▶ _Description of the task_: Of the lines in the data below, write out exactly those from the one holding "MOC-117927 GWR 8W" through the one holding "Steel Stone Earrings", both included.
::: Dataset entries
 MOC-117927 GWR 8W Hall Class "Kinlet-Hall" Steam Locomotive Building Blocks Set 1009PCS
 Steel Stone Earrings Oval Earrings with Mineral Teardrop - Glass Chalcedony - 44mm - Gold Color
::::::
::: Dataset entries
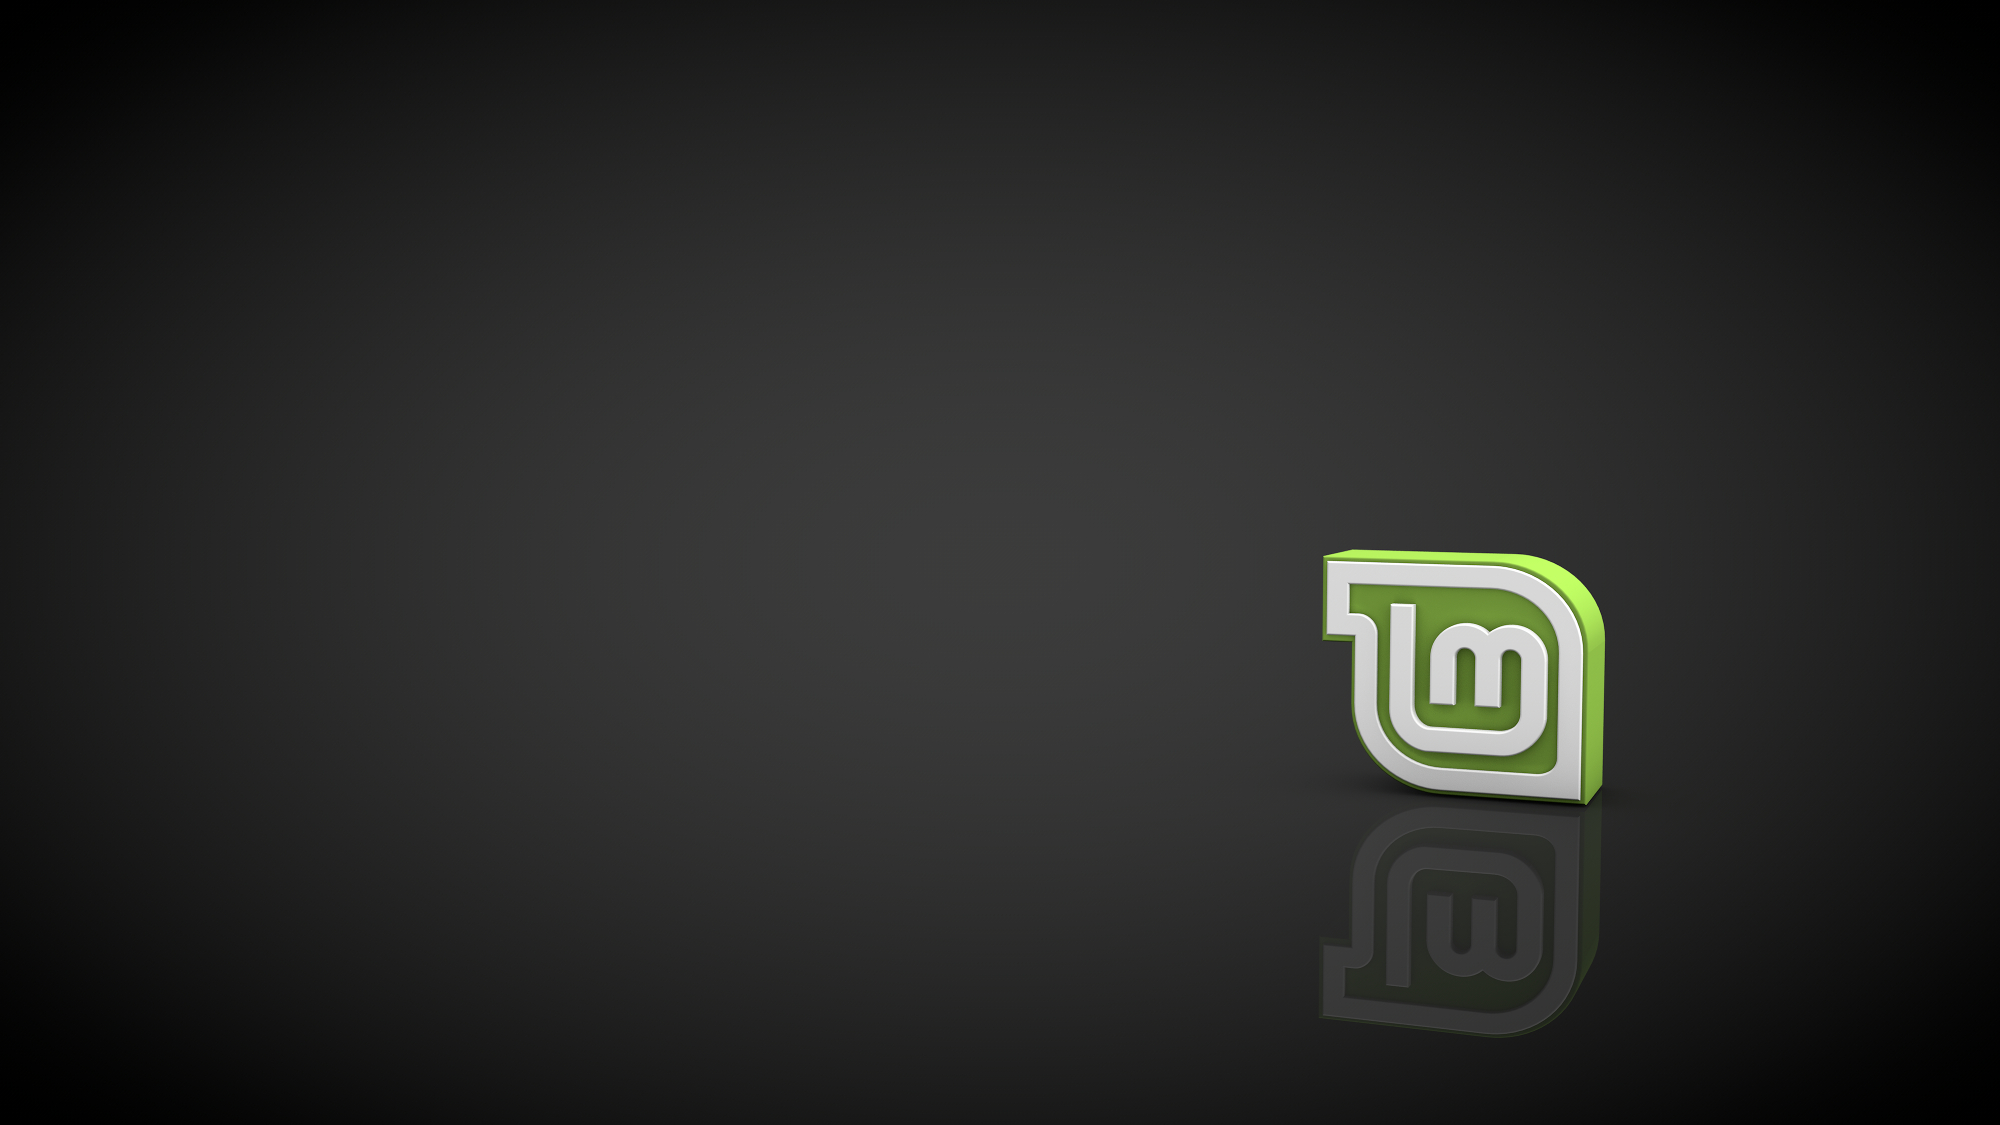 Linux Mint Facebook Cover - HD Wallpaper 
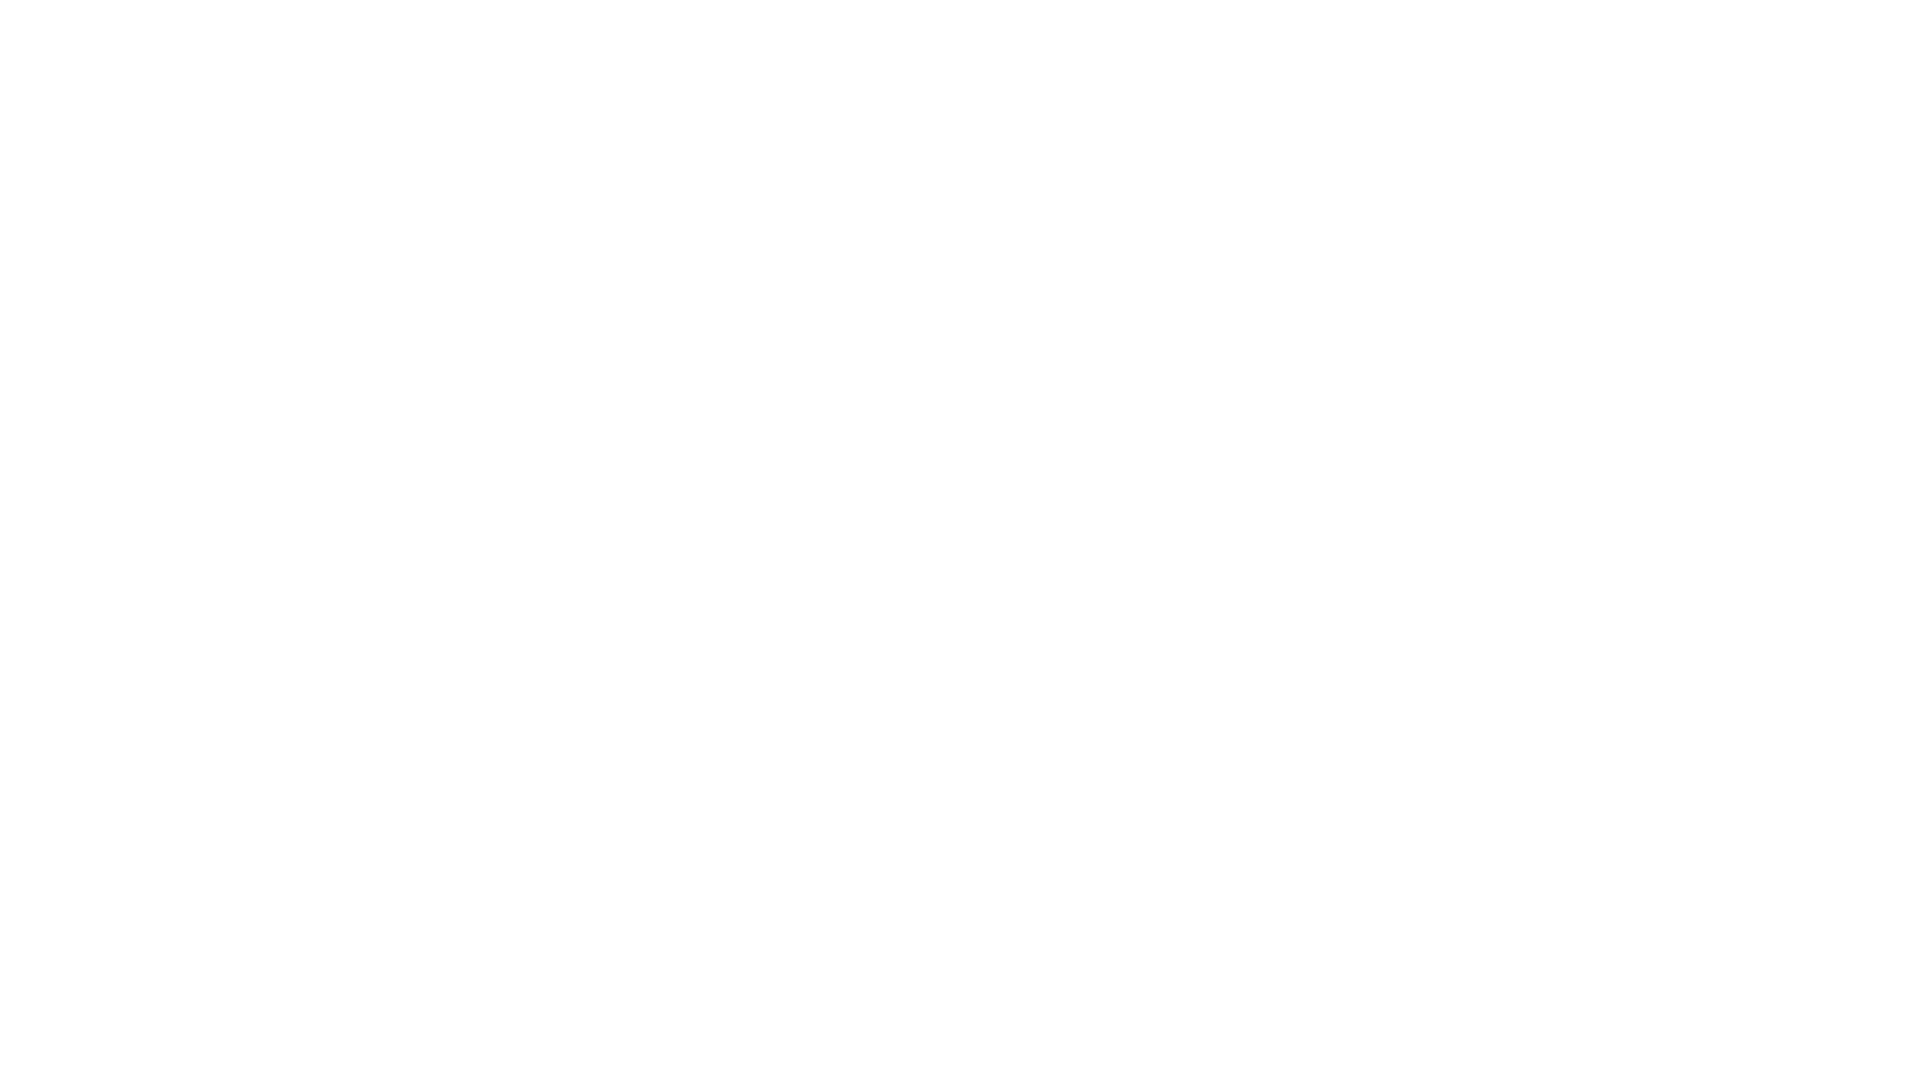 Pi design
::::::
▶ _Worked solution_:
 MOC-117927 GWR 8W Hall Class "Kinlet-Hall" Steam Locomotive Building Blocks Set 1009PCS
 Steel Stone Earrings Oval Earrings with Mineral Teardrop - Glass Chalcedony - 44mm - Gold Color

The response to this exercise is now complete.